Search code examples
regexmatlabmatlab-deploymentmatlab-compiler

Multiline regexp in matlab


Hey guys I am pretty new to using regexp. So please bear with me if some of my questions are very basic. I need to filter a large file for some data. A part of the data file looks like this

<abcd.....z>
    <xyz123....etc..etc/>
    <xyz123....etc..etc/>
    .
    .
    many more
    .
    <xyz123....etc..etc/>
</node>
<abcd.....z/>
<abcd.....z/>
<abcd.....z/>
<abcd.....z/>
<abcd.....z>
    <xyz123....etc..etc/>
</node>
<abcd.....z/>

and this pattern repeats multiple times.

My requirement is to get the first <abcd.....z> above </node> along with the data in between them ( i.e all <xyz123....etc..etc/>).

For e.g output 1:

<abcd.....z>
    <xyz123....etc..etc/>
    <xyz123....etc..etc/>
    .
    .
    many more
    .
    <xyz123....etc..etc/>

output 2:

<abcd.....z>
    <xyz123....etc..etc/>

I have used this positive look ahead operator

<abcd.*?>(?=</node>)

But the main problem with this is that the output includes <abcd.....z> which do not have <xyz123....etc..etc/> underneath them. i.e the output is as follows output 1:

<abcd.....z>
    <xyz123....etc..etc>
    <xyz123....etc..etc>
    .
    .
    many more
    .
    <xyz123....etc..etc>

output 2:

<abcd.....z/>
<abcd.....z/>
<abcd.....z/>
<abcd.....z/>
<abcd.....z>
    <xyz123....etc..etc>
</node>

If you notice in output 2 i do not need the first 4 <abcd.....z/>'s . I need only the last one ie. the output has to be

<abcd.....z>
    <xyz123....etc..etc>

Again sorry for the long post and hope someone can help me out here!!

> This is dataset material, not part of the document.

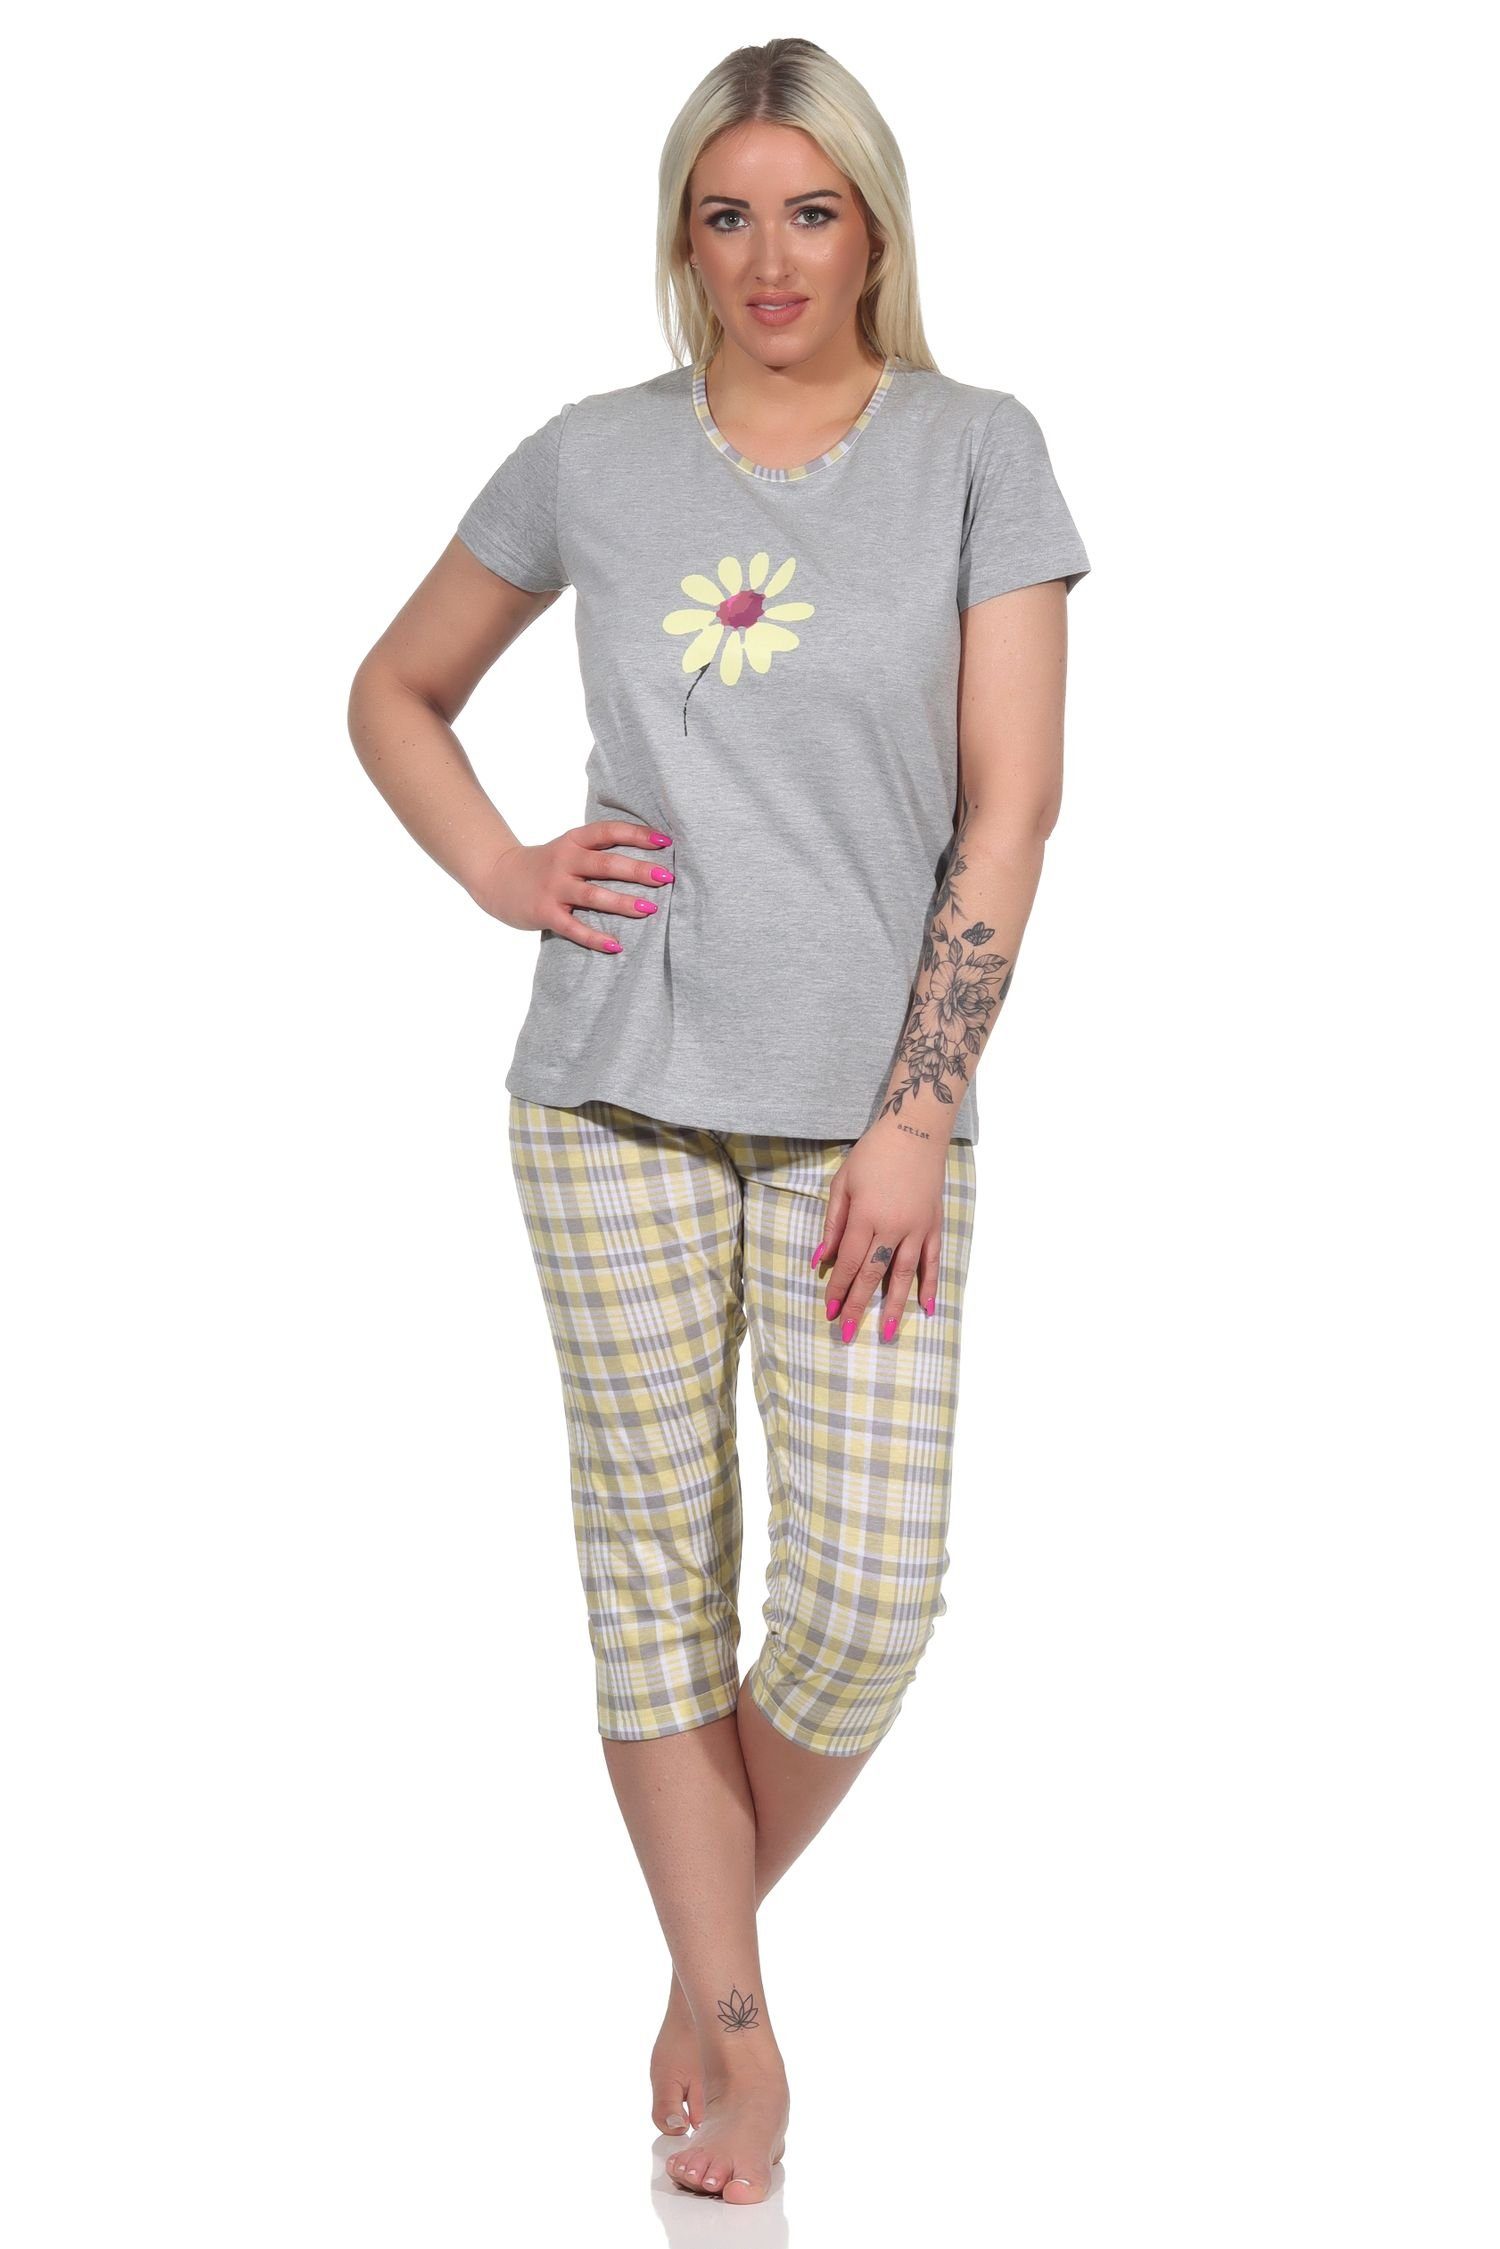 Caprihose Front-Print und Pyjama Karo Capri Schlafanzug Pyjama Damen Normann gelb mit

Thnaks to @digitalLink i have the right expression.
It is (<abcd\.*z>(.|\n)*?)(?=<\/node>)

This works fine with online tools like regexr and regexp101. I noticed that both tools use a g-modifier (global modifier) at the end of the reg expression. I understand that /g expression flag reatins the index of the last match, allowing iterative searches.

Is this possible in matlab? Do I have to use g-modifier explicitly in matlab? What is the equivalent expression flag in matlab

Could someone please help me out here. I am new to matlab and not able to figure out this!!


Solution

  • I think this Regex expression may be what you're looking for. Let me know how it works.

    "(<abcd\.*z>(.|\n)*?)(?=<\/node>)"
    

    Make sure to include the multiline flag.

    Test it here: http://regexr.com/3c0aj